There aren’t many more flowers we can toss Wout van Aert’s way, the Belgian’s astounding performances these past two years have us all reaching for superlatives and he is accordingly the heavy favorite for today’s race. I do wonder about his ability to handle this stardom, however, and worry that he’s developing that dreaded malady, the one the Belgians term: “dik nek” (spelling perhaps off) or thick neck, what we call a swelled head. There was a moment in a post-Tour race where van Aert’s team was massing at the front and Aussie Michael Matthews, a Tour de France Green Jersey winner it needs to be pointed out, began to move into the line. Van Aert grabbed him by the jersey and threw him off to the side. He wouldn’t have done that to Alaphilippe, I can assure you, the Frenchman would have started a war on the spot and with big Tim Declercq in the house, it would have been over quickly. Van Aert’s petulant complaints about Mathieu van der Poel after the Dutchman’s marking of him at Gent-Wevelgem were unflattering to the Belgian, a situation that van der Poel handled with aplomb. Cycling is the most unfair sport in the world. The stronger you become, the more difficult it is to win as the peloton gathers, like jackals around a lion, combing forces to bring down a stronger prey. We saw this at the Tour when Alaphilippe couldn’t get anyone to work with him in the breakways: they didn’t because he was sure to beat them in the end, so better to neutralize him and let the race unfold in a more advantageous manner. Van Aert needs to realize that he’s the Godzilla of the peloton now, that no one wants to go head-to-head with him. He needs to race accordingly, complaining will get him nowhere.

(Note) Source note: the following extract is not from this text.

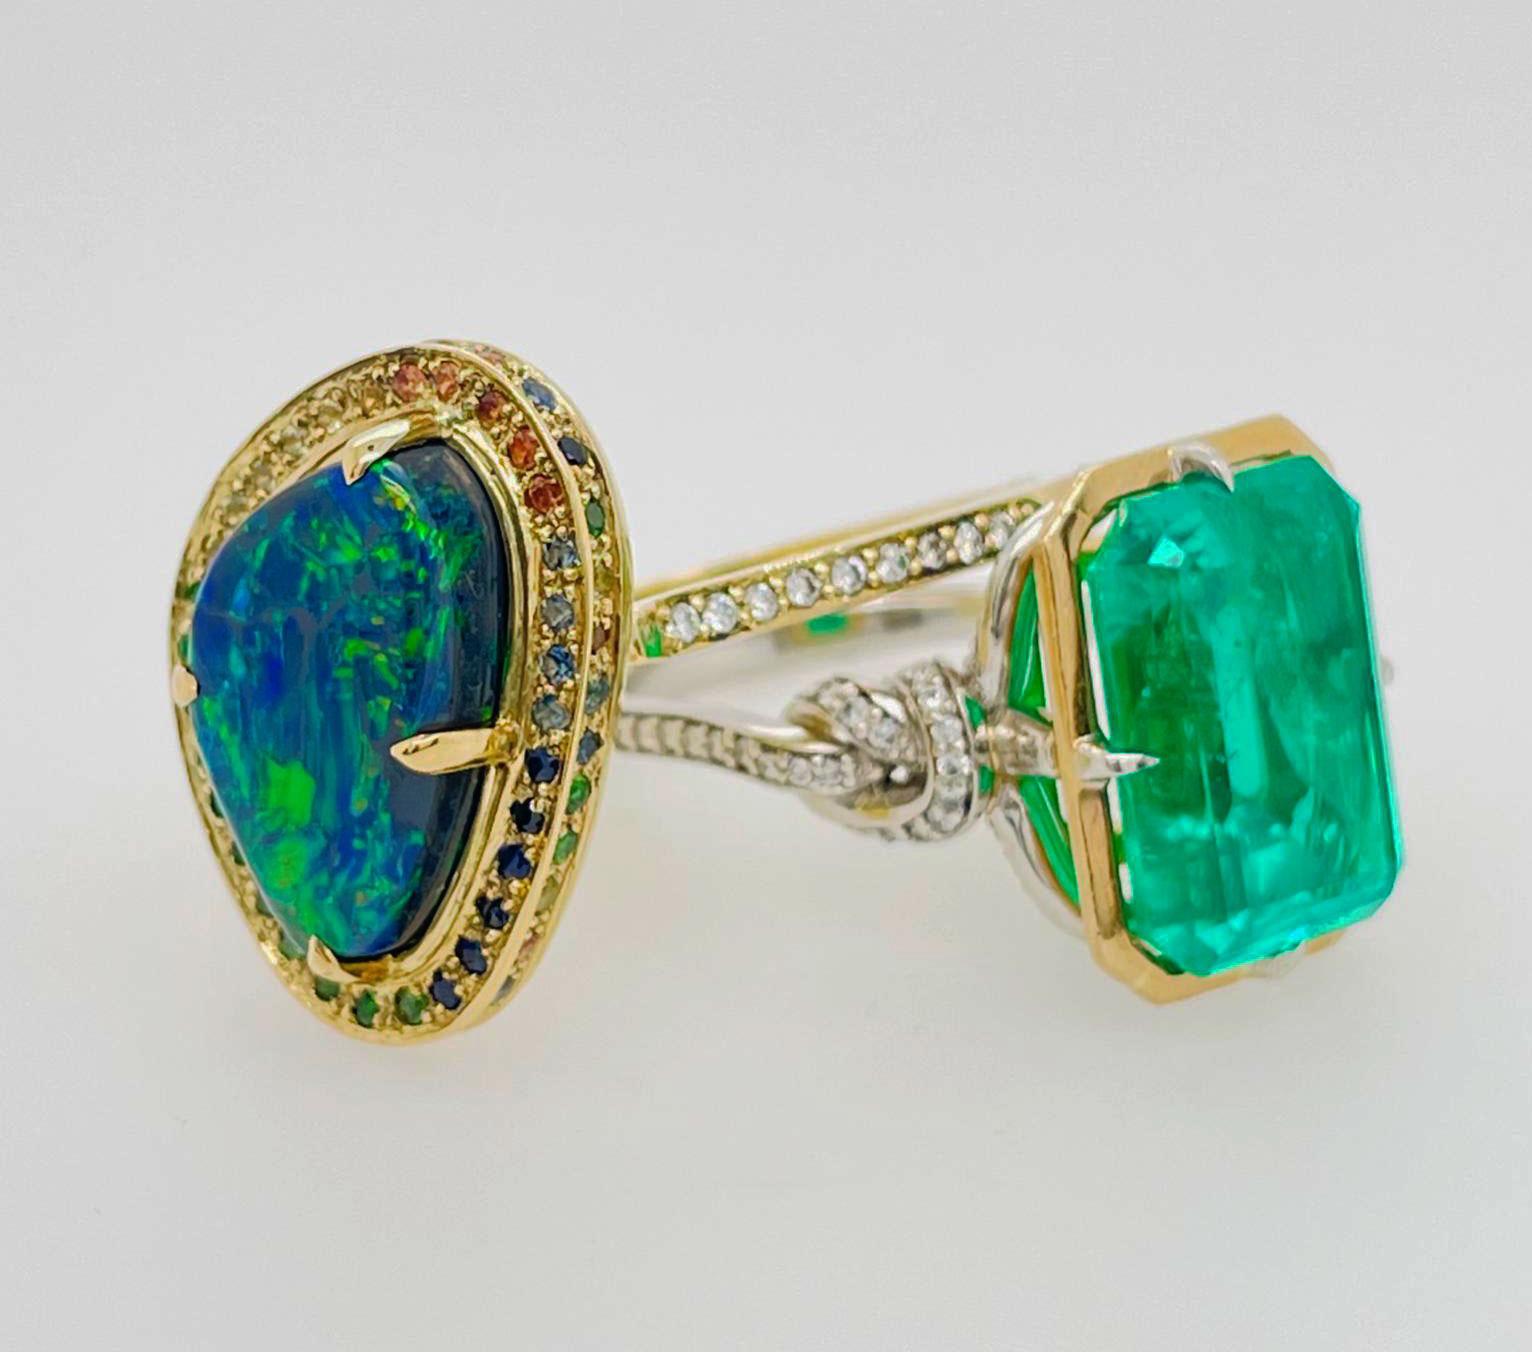 1ct emerald ring

Wout van Aert has 38 career days of Grand Tour racing in his legs, Julian Alaphilippe over 100 and Mathieu van der Poel a grand total of zero. The Ronde van Vlaanderen is normally run in April, six months after the Vuelta and eight months after the Tour de France, putting everyone on a fairly equal basis. This special year, with the Tour only a bit more than a month behind us, the Tour riders still have that form in their legs, a form that we’ll really see once the Ronde begins to go over 200 kilometers which is when everything changes in a Classic.
Van der Poel looked a bit light against Alaphilippe in the Fléche Brabançonne, a race of 200-kilometers and not 243 like today’s where the level of competition is much, much higher to boot. We’ll get a good idea of whether van der Poel’s choice of staying with his small Alpecin-Fenix team is the right one, a team that garners no invitations whatsoever to the Grand Tours – nor to their build-up events such as the Dauphiné – whether the accumulation of deep racing days by his competition will begin to leave him behind. Cycling fans watch the Giro, the Vuelta and Flanders: the world watches the Tour de France. 25-year of Mathieu van der Poel should be in it the Tour and he won’t be next year either which cheats both himself and cycling. The excitement of a three-week matchup between him and arch-rival van Aert would be riveting plus it would turn him into an even more powerful and versatile racer. Perhaps van der Poel likes life as it is, racing cross, mountain bikes and road races as he wishes. It certainly is an interesting and modern approach to the sport, the sort of versatility we should be developing here in the States. But he should consider the millions that Ineos is certainly putting on the table, consider becoming their Classic’s man, consider what racer he could become with a few Grand Tours in the legs. I believe he owes it to this sport that has given him and his family so much, and to his fans, a base that would expand exponentially with a start in the Tour de France.